How many different sequences of length 5 are there in a three-letter alphabet "cat"? - briefly
There are (3^5 = 243) different sequences of length 5 in a three-letter alphabet "cat". This is because each position in the sequence can be filled with one of the three letters ('c', 'a', or 't'), and there are five positions to fill.
How many different sequences of length 5 are there in a three-letter alphabet "cat"? - in detail
To determine the number of different sequences of length 5 in a three-letter alphabet "cat," we need to consider each position in the sequence and the possibilities for each letter to occupy that position.
First, let's understand the composition of our alphabet. The alphabet consists of three unique letters: 'c', 'a', and 't'. Each position in the 5-letter sequence can be filled by any one of these three letters.
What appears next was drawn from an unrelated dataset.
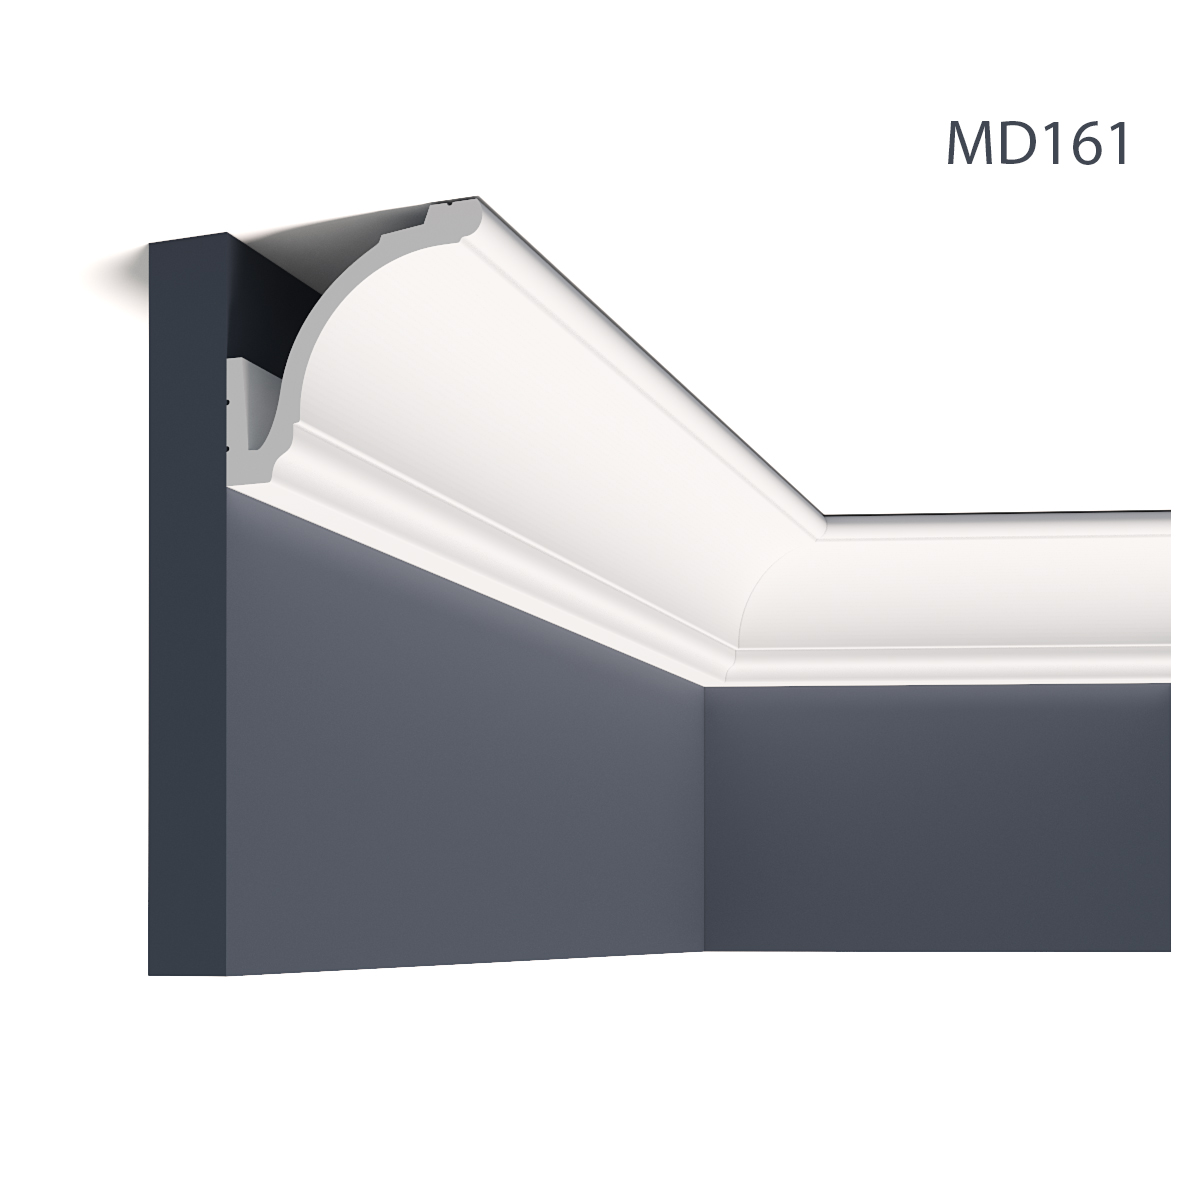 Cornisa mascare galerie pentru LED MD161, 200 X 9.2 X 8.3 cm, Mardom Decor, Cornișe mascare galerie

This principle holds true for all five positions in the sequence.
To calculate the total number of different sequences, we apply the rule of multiplication for independent events. For each position in the sequence, there are 3 possible choices (c, a, or t). Since there are 5 positions to be filled independently:
[ \text{Total number of sequences} = 3 \times 3 \times 3 \times 3 \times 3 ]
Carrying out the multiplication gives us:
[ 3^5 = 243 ]
Therefore, there are 243 different sequences of length 5 that can be formed using the three-letter alphabet "cat."